The audience sat silent at the end, for what seemed an eternity. I
heard tears from many in the front rows!
It
was one of the two times in my career that I had ever improvised on
stage before the public. In spite of all my critics and later so-called
historians who said my whole dance was an improvisation, or improve as
you now say. Anyway, when I told my great friend Alfred Lord Douglas (he
of the Oscar Wilds fame) about the hallucination of the black ravens,
he secretly baptised both Deidre and Patrick without my knowledge, a few
days before the tragedy.
When
Singer uttered those words, I was calm, his tears and cries filled the
house...but I realize now I was in total denial, it was the only thing
that saved my sanity.
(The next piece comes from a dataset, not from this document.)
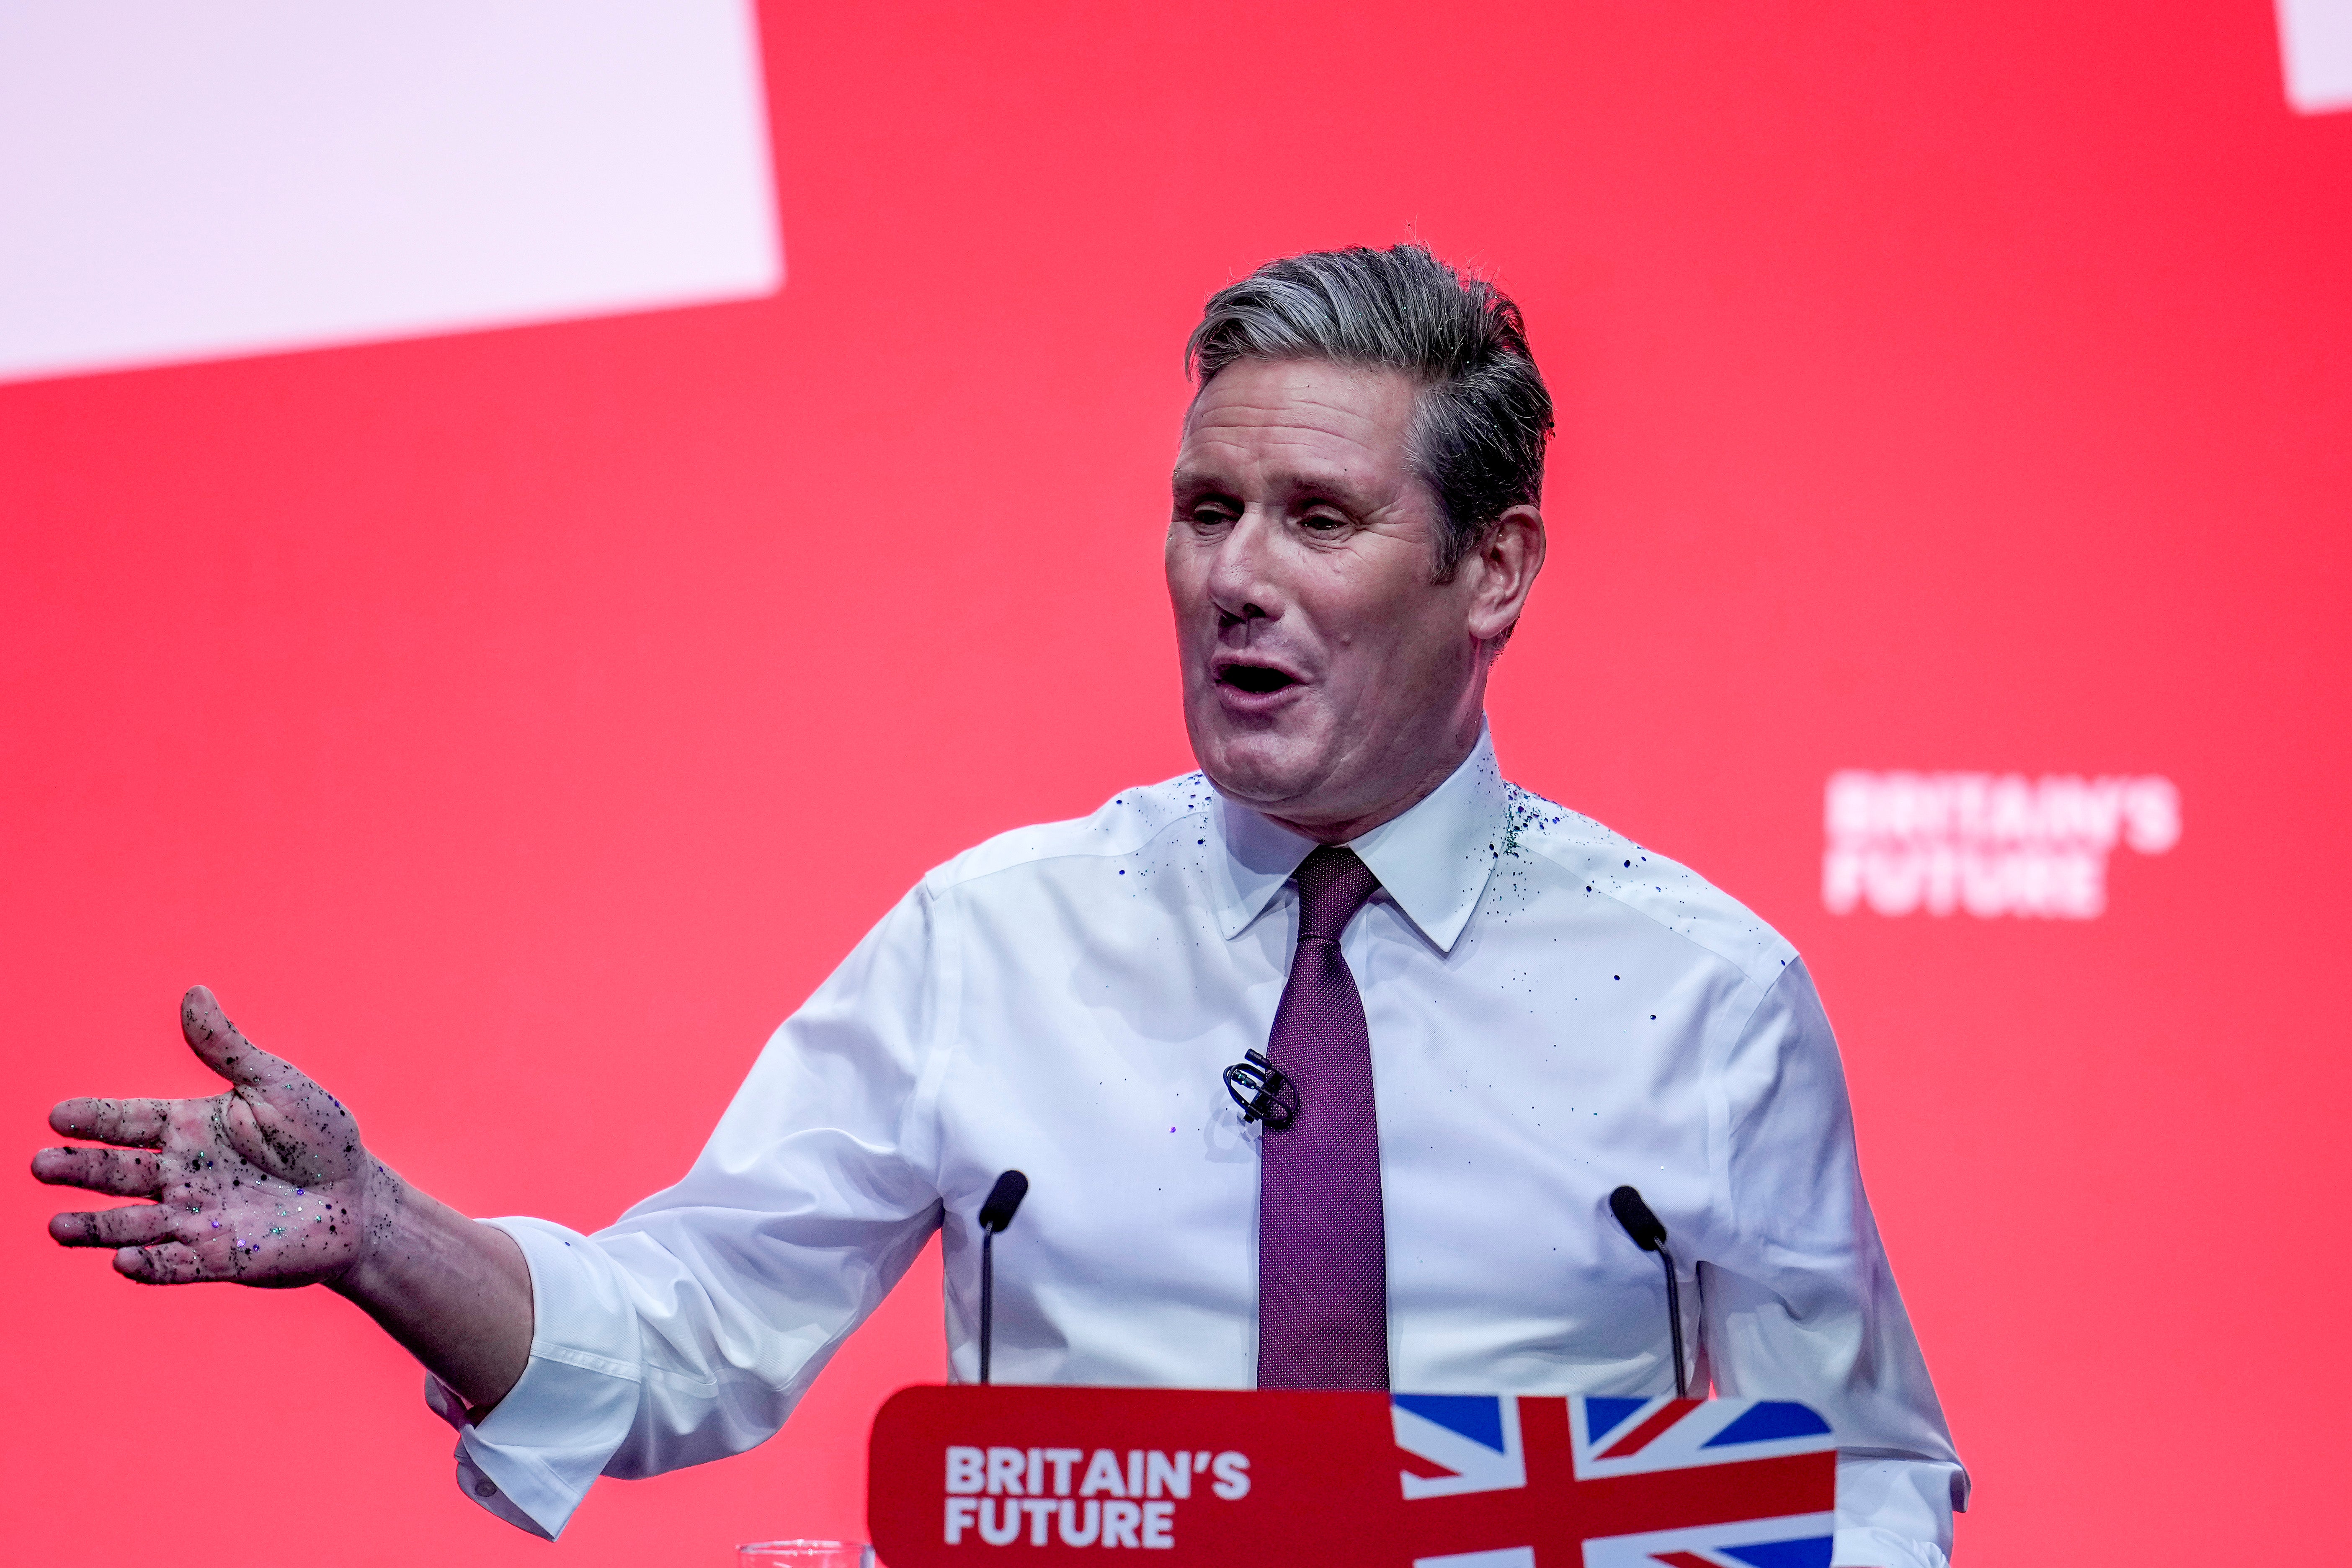 Keir Starmer delivers leader’s speech with glitter on shoulders

Later that day or was it the next...I slipped out
of the house and walked down to the spot by the river with a pair of
scissors. I know my sister and Mary Desti trailed me but I never let-on.
As the ancient Greeks had done, mourning the death of a loved-one, I
cut off my hair and dropped it into the river. My eyes watched it
silently float away. But even then I couldn’t cry. Turning, I went back
to the house and tried to lie down but I couldn’t sleep for days-on-end.
I was totally numb. Yes, it’s true, a Catholic priest somehow found his
way into my room, soon after the accident, and asked if he could help,
but I said “No, I am a pagan.” The Paris music and arts students, were
so sweet...they covered the trees of my house with thousands of tiny
white bunches of flowers and garlands for the loss of my two babies.
The
funeral was too much for me to bear. The children were cremated at Pere
Lachaise on the other side of town. I stayed in my room as my horror
only increased with the thought of seeing (slight pause) all over town
were posters and billboards for a hand soap that had used Patrick’s
face, taken in a photograph the year before. So every time I ventured
out of the house, I was haunted by his sweet face smiling at me! Fleeing
Paris, I went south, vowing never to dance again, as soon as I could!